# Energy gestioning(laptop)



## Vertecedoc (Oct 31, 2021)

[in spite of i installed ghostbsd instead of freebsd, i decided publish here beacuse is like what happen with ubuntu and its flavors, 99%  of the things are beacuse is ubuntu and is not dependent on the modifications of the flavor itselve, so the solutions are the same when is about the system itselve and is not dependient on the modifications that ghostbsd did to freebsd]

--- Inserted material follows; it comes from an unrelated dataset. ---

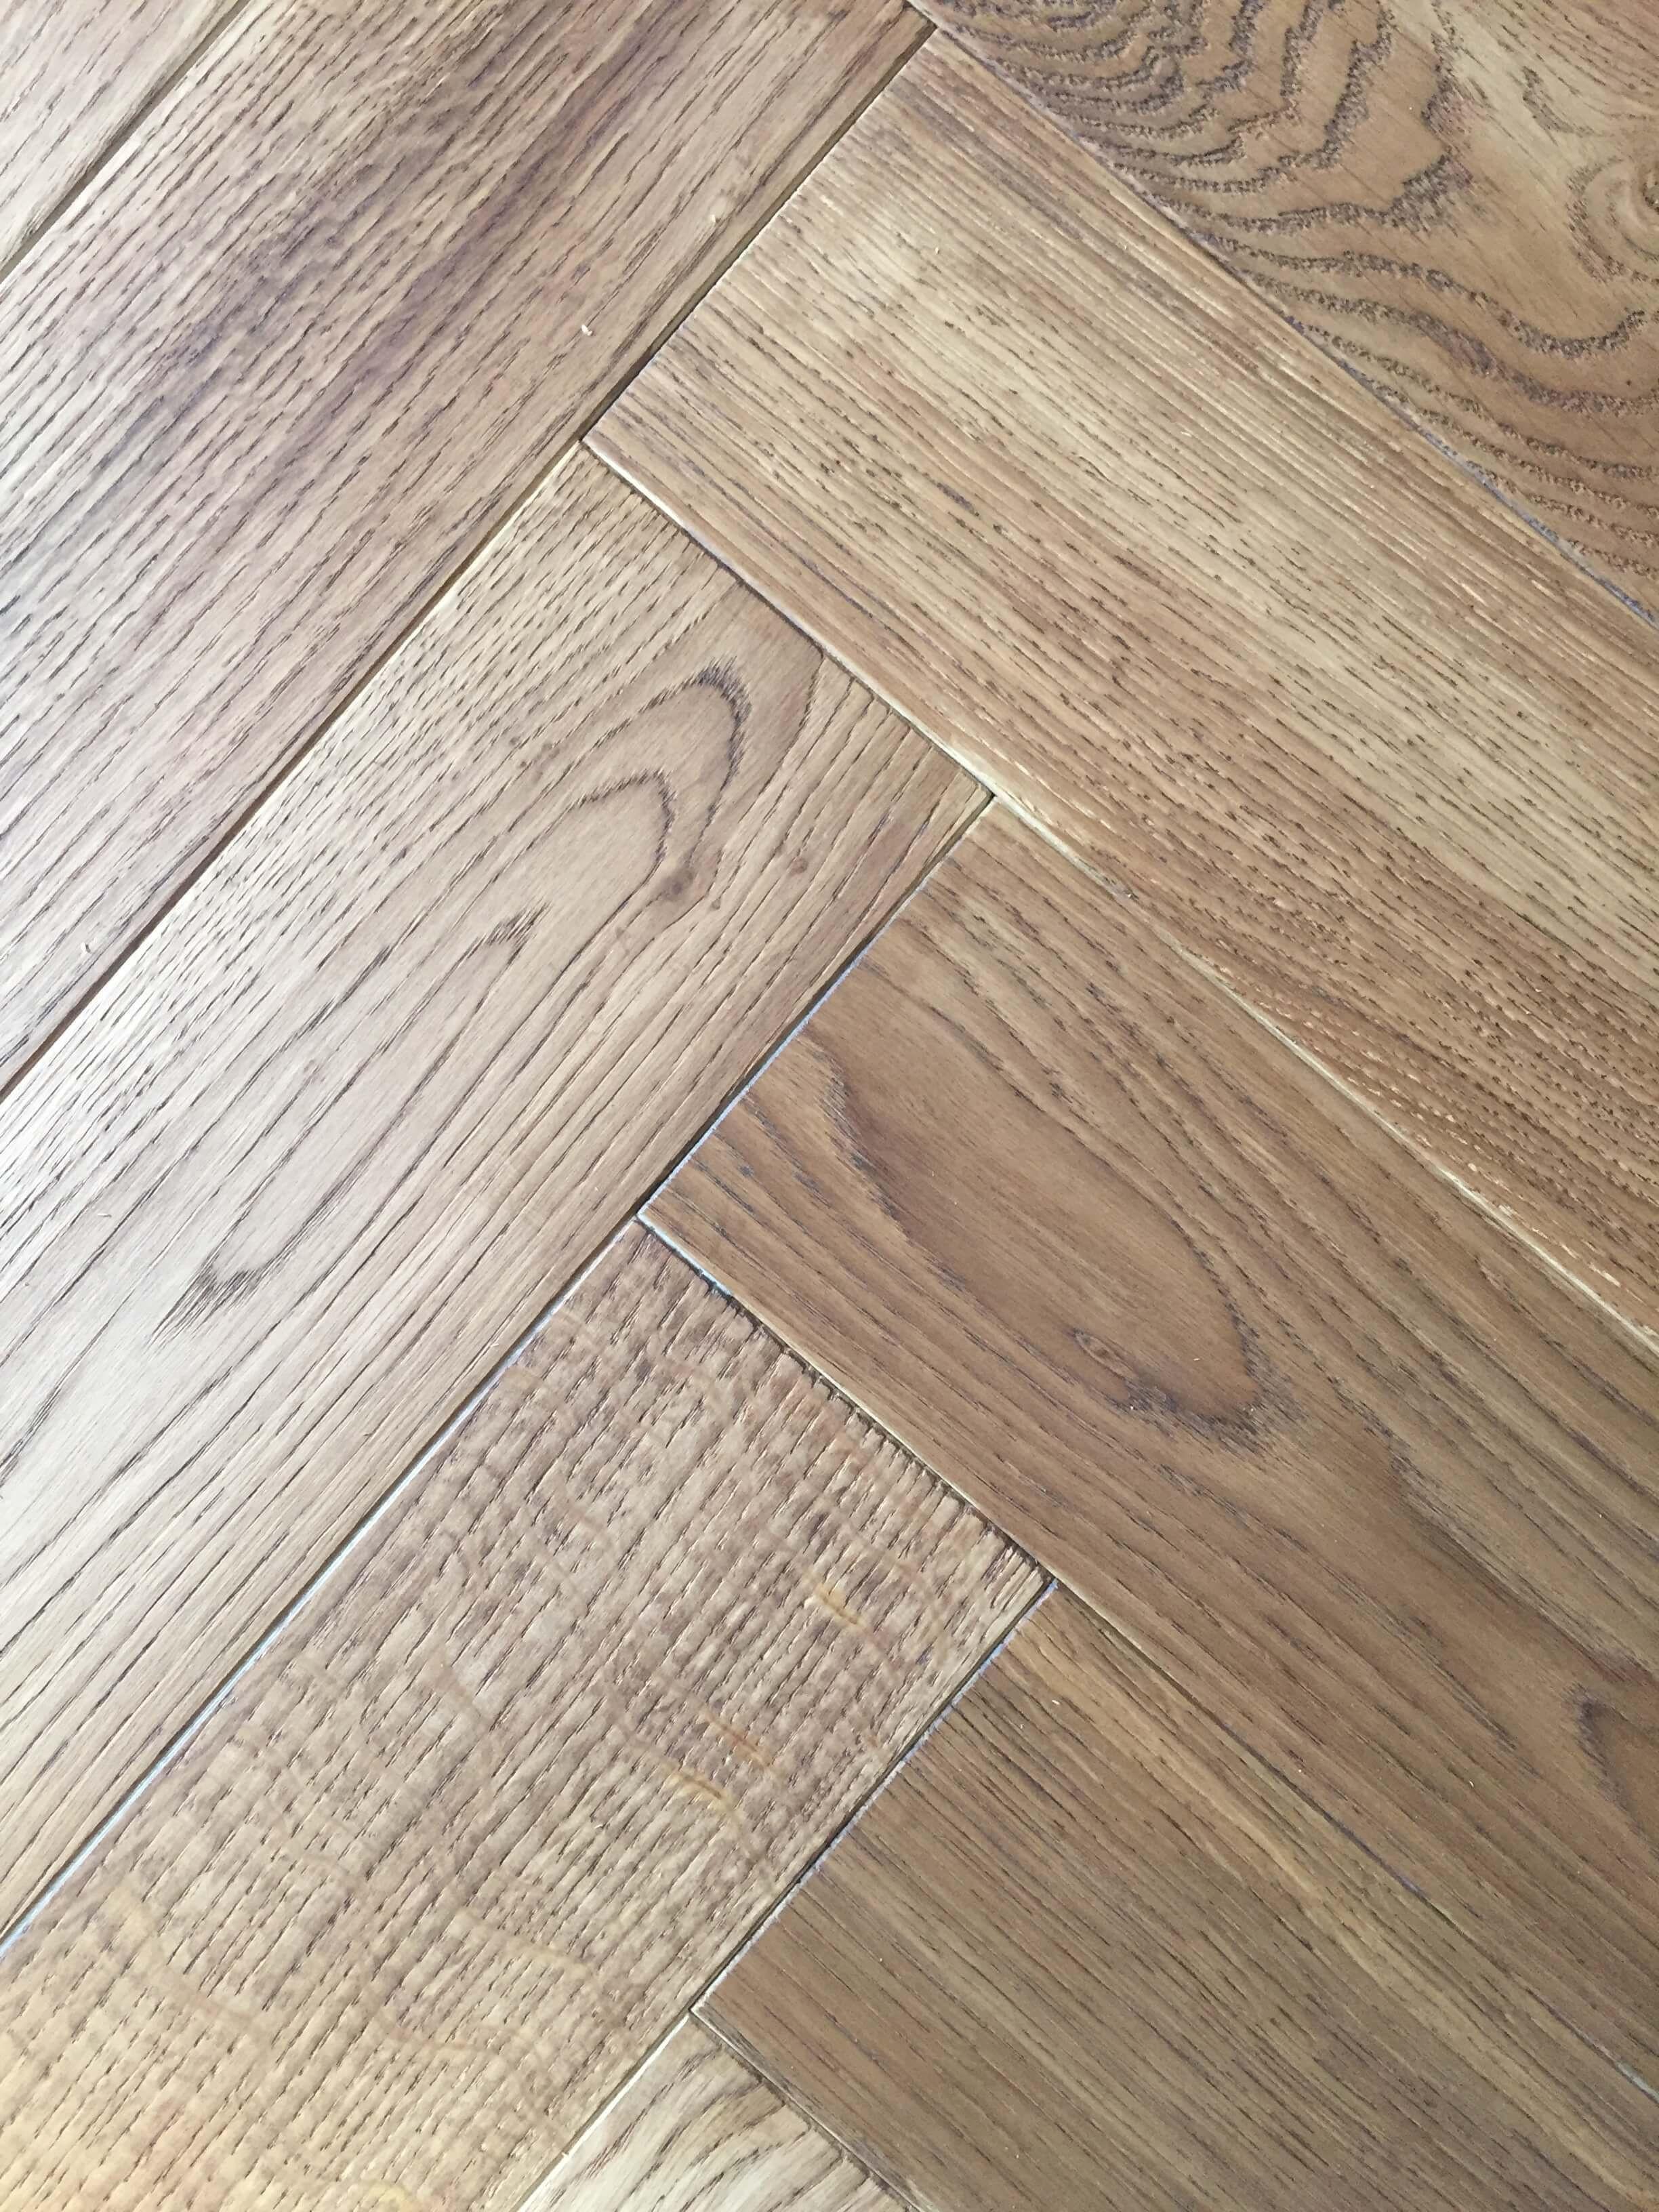 12 Nice Hardwood Floor Filler Home Depot Unique Flooring

I resentelly (4 days) installed ghostbsd (the manjaro af the bsds), and even though i'm having troubles to figure out some things i'm liking it, and so. 
i've not readed the manual at all since i have 4 days on freebsd/ghostbsd(mostelly the same)
i'm having troubles with the battery live of my laptop (Thinkpad L560) beacouse on linux the battery has a live about the 7-9 hours but now i noticed that on freebsd my battery life is about 5-6 hours and i want to tweak the freebsd power management for grow the battery life,
¿how can i do that? or ¿i'm saing stupid things?


----------



## bsduck (Oct 31, 2021)

This guide should be interesting to you: https://vermaden.wordpress.com/2018/11/28/the-power-to-serve-freebsd-power-management/


----------



## Vertecedoc (Nov 4, 2021)

thankyou!


----------